With the pervasive use of mobile and edge devices, enormous quantities of private data are generated continually. Traditional centralized machine learning approaches that aggregate data at a central server for training are impractical due to privacy concerns and communication costs. Federated Learning addresses these challenges by decentralizing the training process, thus significantly reducing privacy risks and communication overhead.

FederatedAveraging Algorithm

The FedAvg algorithm operates by selecting a subset of clients in each communication round. Each client performs several epochs of local training using its dataset and sends only the resultant model updates to the central server. These updates are then averaged to update the global model. This process allows for significant reductions in the number of communication rounds needed compared to centralized training.

Empirical Evaluation

The paper's empirical evaluation involves five model architectures:

  • Multilayer perceptron (MNIST 2NN)
  • Convolutional Neural Networks (CNN)
  • Character-level LSTM LLM
  • CIFAR-10 feedforward network
  • Large-scale word-level LSTM

The evaluation spans datasets including MNIST, CIFAR-10, and a Shakespeare text corpus, assessing both IID and non-IID data partitions.

Numerical Results

For instance, the FedAvg algorithm achieves a significant speedup in the number of communication rounds required to reach target accuracy compared to FedSGD:

  • On the MNIST dataset using a CNN architecture, FedAvg achieves a speedup of up to 34.8x for IID data and 2.8x for non-IID data.
  • In large-scale LLMing tasks, FedAvg reduced the rounds required from 820 (FedSGD) to 35, a 23x improvement.
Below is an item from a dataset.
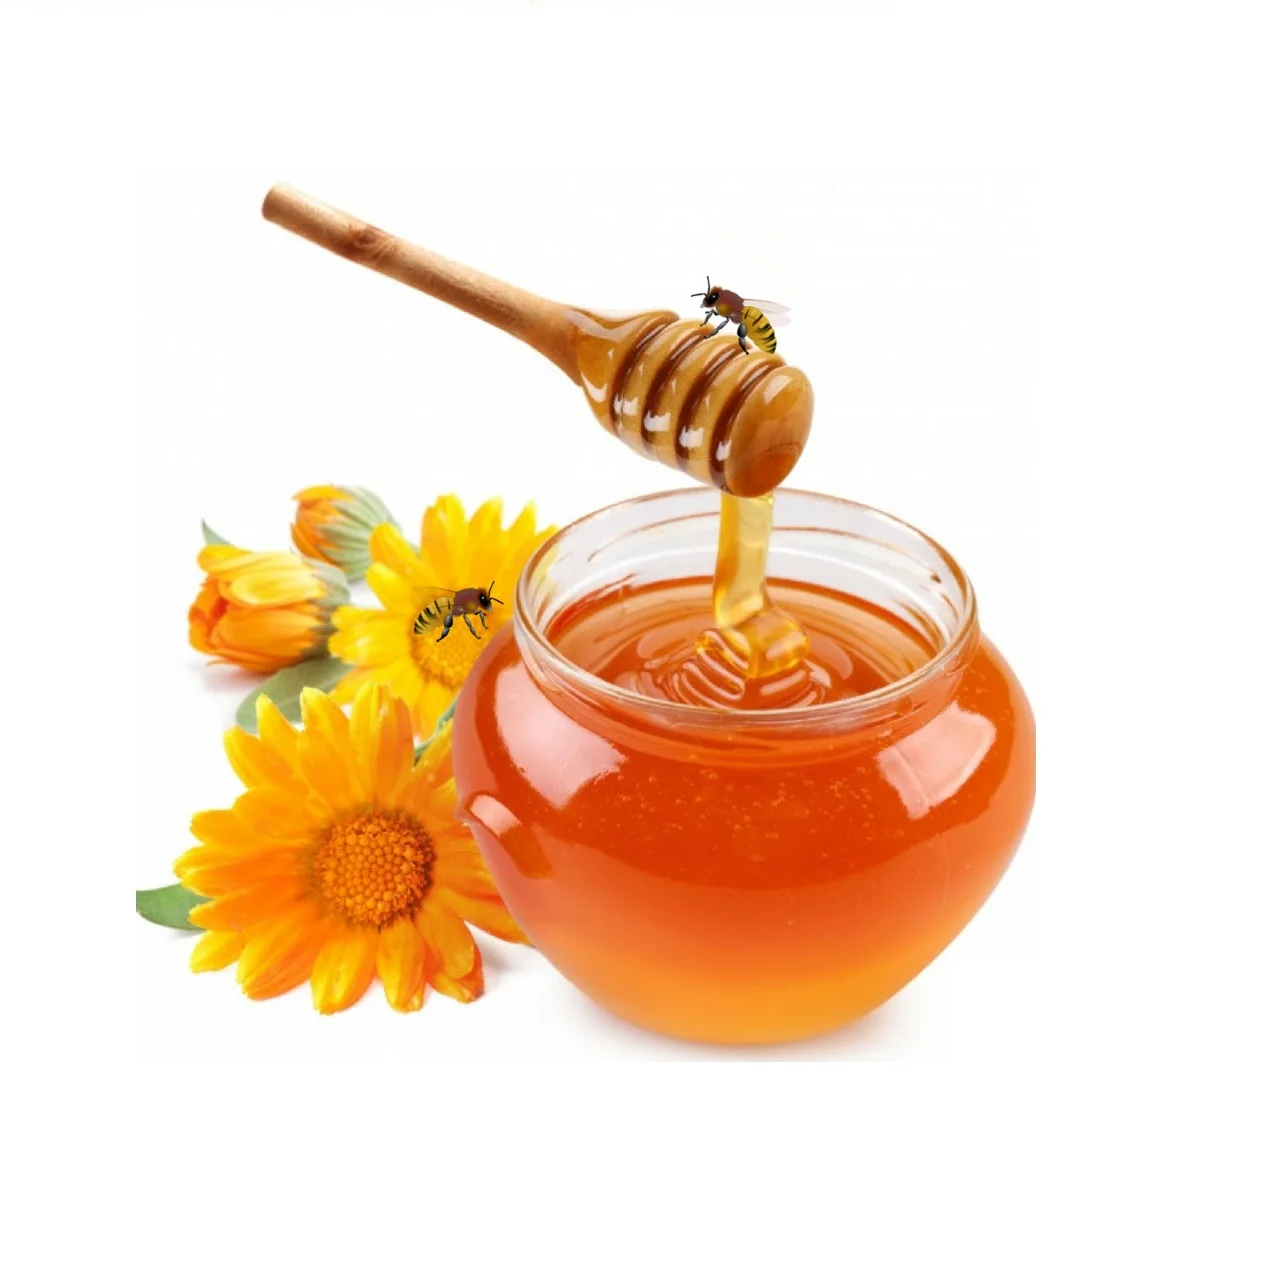 HONEY of the Best Quality, Natural Forest Good for Health and Beauty, Healthy and Sweet Without Artificial Sweeteners

Implications and Future Directions

Practical Implications:

Federated Learning poses a paradigm shift by enabling AI applications to leverage vast decentralized datasets without compromising user privacy. This makes it particularly suitable for applications in mobile devices, IoT, and healthcare where sensitive data cannot be aggregated centrally.

Theoretical Implications:

The success of FedAvg highlights the underexplored potential of model averaging in non-convex optimization landscapes typical of deep learning. The approach is resilient to the challenges posed by non-IID data distributions, which are common in real-world scenarios.

Future Developments:

Potential future research directions include integrating differential privacy techniques to further enhance the privacy guarantees of FL. Additionally, exploring more sophisticated optimization techniques like momentum, AdaGrad, and ADAM within the FL framework could yield further efficiency gains. There's also interest in combining FL with secure multi-party computation to prevent even the central server from accessing raw updates, ensuring end-to-end encryption and privacy.

Conclusion

Federated Learning represents a robust framework for privacy-preserving, communication-efficient machine learning on decentralized data sources. The FedAvg algorithm, with its demonstrated empirical performance, stands as a cornerstone for future innovations in decentralized AI. The implications of this research span both practical applications and theoretical foundations, heralding a new era of collaborative learning across distributed networks.